Wines of Portugal holds a special place in my heart. Their Portuguese wine tasting was actually the first event I went to as a representative of Simple Hedonisms. I was so nervous to be wine tasting in a more official capacity but I quickly fell into step and felt so comfortable asking questions about the wines I was trying. As a Portuguese speaker, I also relished the opportunity to practice speaking although I stumbled a bit trying to describe certain flavors in my limited Portuguese vocabulary.
Since the event, I've continued to see Portuguese wines all over the place and they are quickly taking up space in my wine collection. If you're a white drinker, be sure to try an Alvarinho or Loureiro. For reds, I would recommend a Touriga Nacional. Portuguese varietals aren't always easy to find so I recommend trying a few while you have the chance!

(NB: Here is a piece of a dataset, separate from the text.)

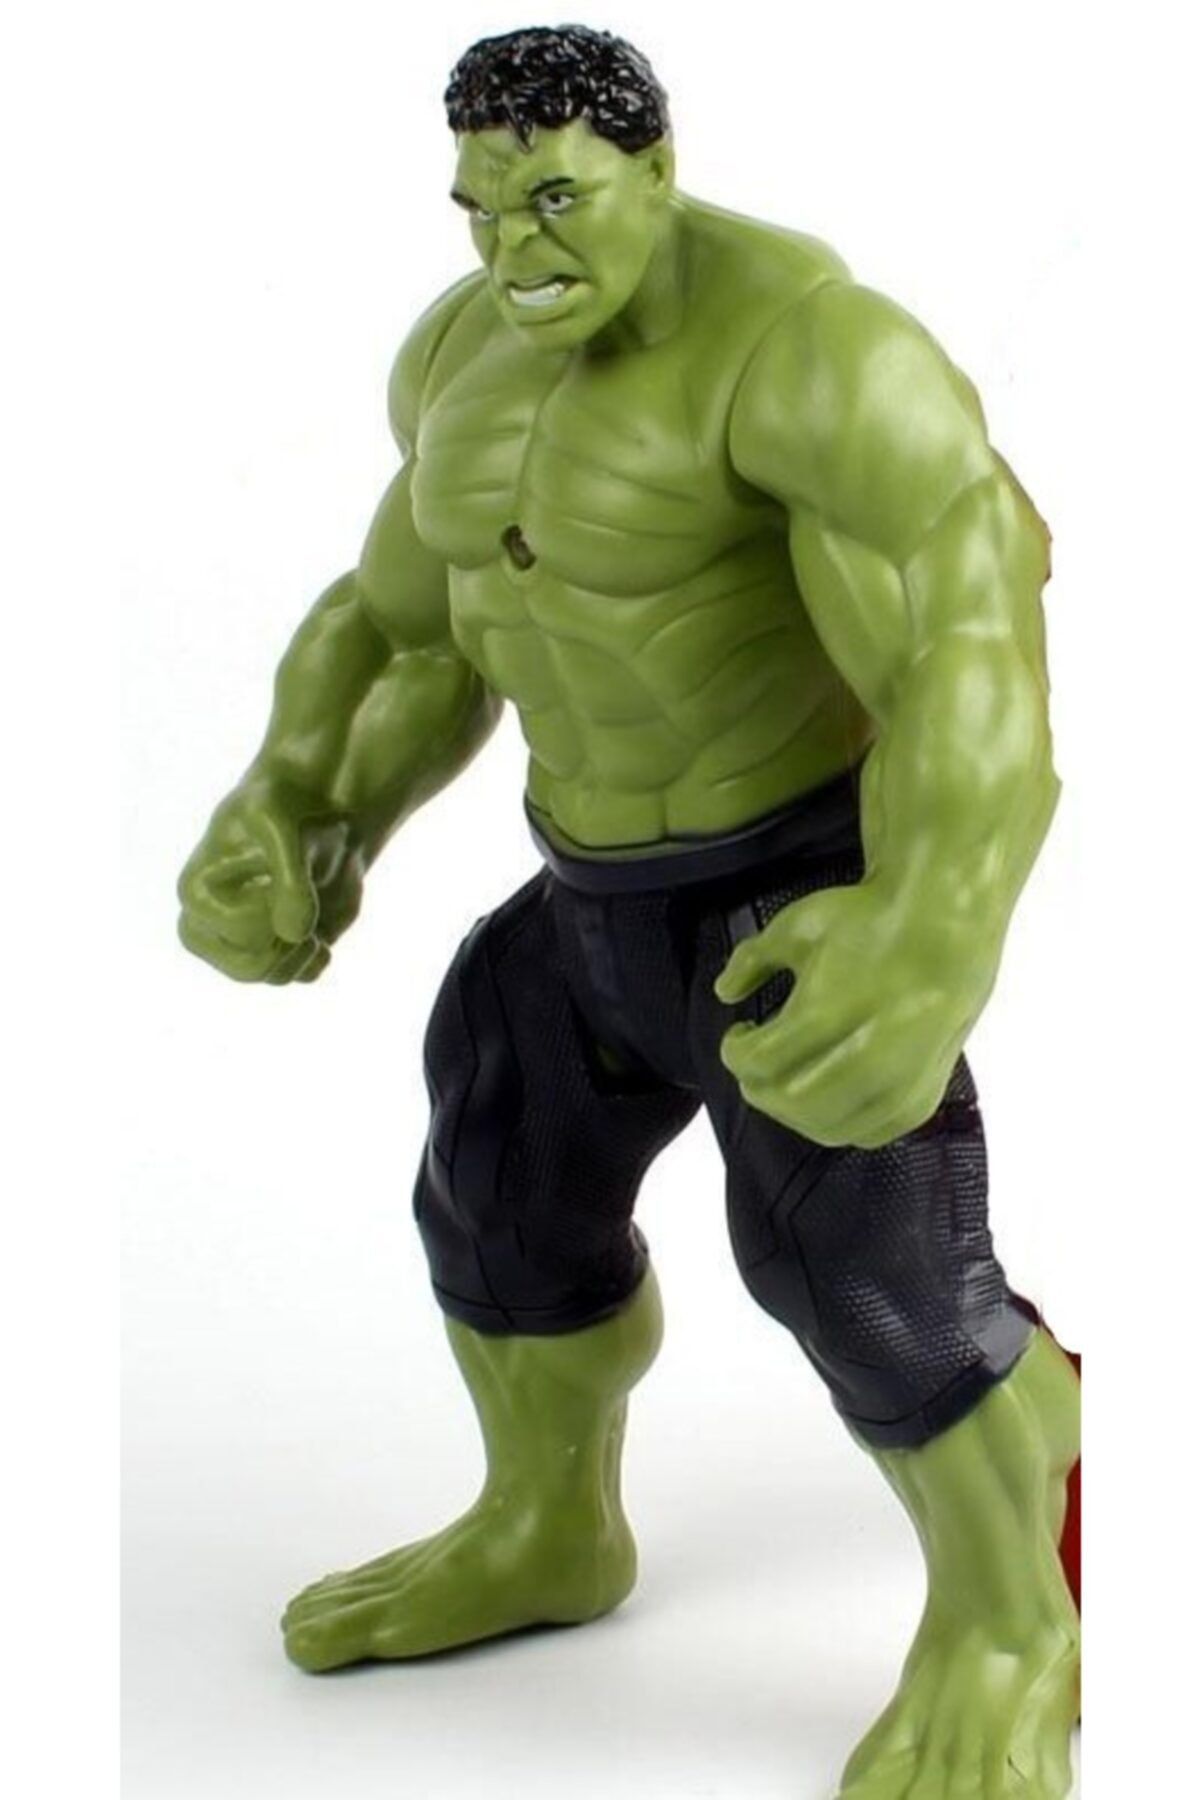 Muhtelif Büyük Boy 30 Cm Işıklı Hareketli Avengers Oyuncak Hulk Figür

These winemakers (or distributors in the case of Wines of Portugal) are only a small selection of who will be at Wine Lands this year. The full list of wineries can be found on the Outside Lands website in addition to band schedules and other food vendors. All of these winemakers also represent something I often seek out at different wine tastings – unique varietals and flavors that aren't commonly found. After writing this article, I am even more excited that these producers will be at such a mainstream event and I know I will be dragging my friends to Wine Lands so they can try all of the amazing, unique wines I've written about here. I'm also looking forward to trying the offerings from the wine makers I'm less familiar with – does anyone have any recommendations for me?